Glad others are wrestling with a similar conundrum.
Probably in that middle ground. Although I think even if you were going to retire at 30 the same questions apply, because someone in a position to do that probably has a pretty good employer pension match available to them, and may also be a higher rate taxpayer as
@cerat0n1a points out.
Currently mid-30s. On track to hit our 25x number including pensions at about 43yo. I'm assuming private pension age will probably be 60 by the time we get there, so maybe 17 year gap. If we waited to have 25x in accessible ISA, it might mean working until about 51yo, then effectively doubling our income nine years later. By ~43, there will be enough in pensions that, left alone for 15 years or so, will probably be enough to completely fund us from 60 onwards.
So yeah, optimum RE point would result in almost running out of money at 59yo (and thus very vulnerable to, say, a market crash at 57/58).
TLDR: Everything above is basically "me too"
My current plan is basically the same as
@cerat0n1a - 25x including pensions, excluding house, then think about whether there's enough accessible to get to pension age.
I just keep thinking of the MMM Confidence vs Money post.

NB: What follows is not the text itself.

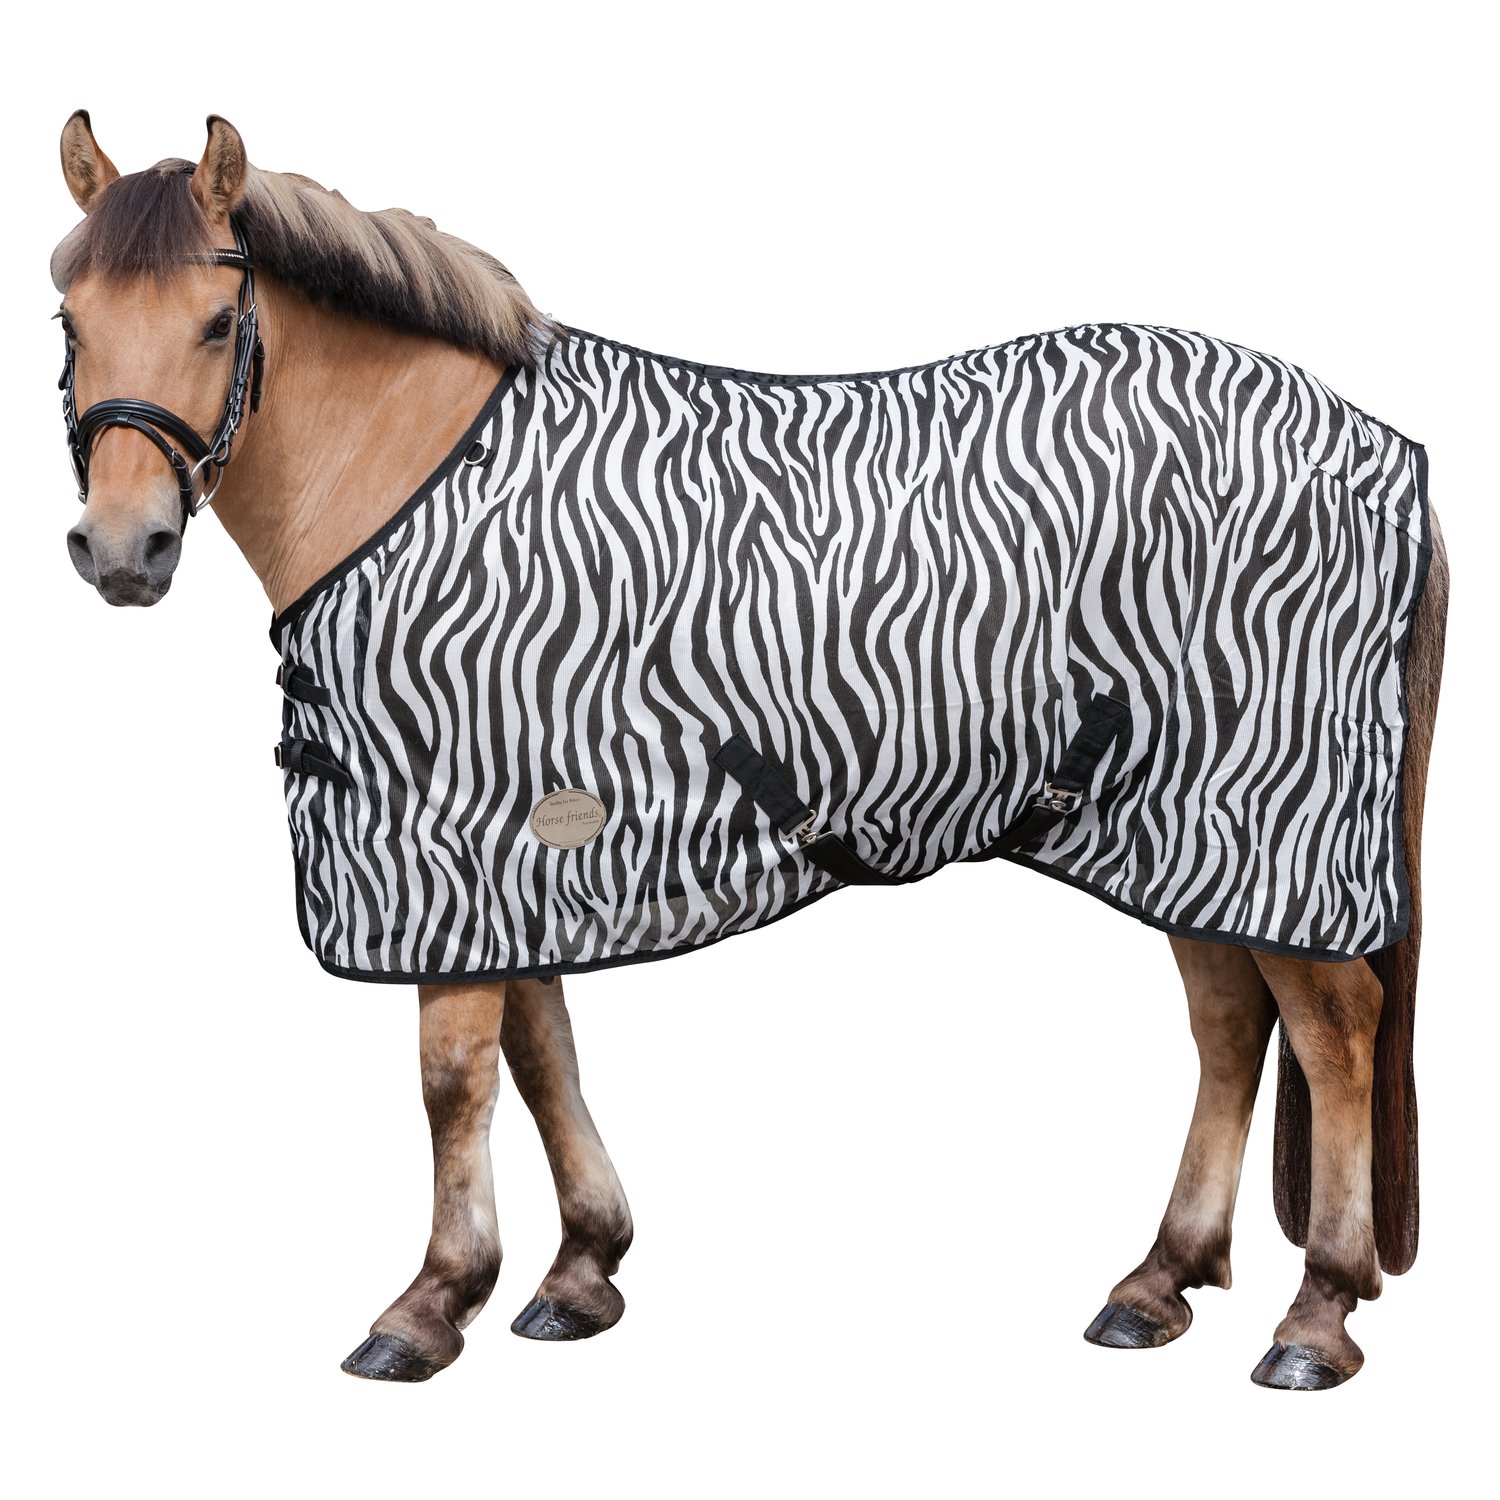 Horse-friends Fliegendecke mit Zebra-Muster zebra | 155 cm

I think there's quite a few safety factors built in for me:
- Conservative growth projections.
- Assuming no earnings post-FIRE. If nothing else, there's always B&Q. Our expenses are such that one full-time minimum wage job would just about cover them, leaving time for 'stache recovery.
- Will be empty-nested by the time we hit the 'cashflow-critical' few years, so permanent or temporary downsizing is always an option.
- Our inaccessible 'stache includes a couple of years of two person full LISA subscription as well as pensions. I doubt we'll put any more into the LISAs, but that would be accessible in an emergency, and might cover a year or two of expenses even after losing the withdrawal penalty.
We're a long way out, so plenty of time for confidence to ebb and flow.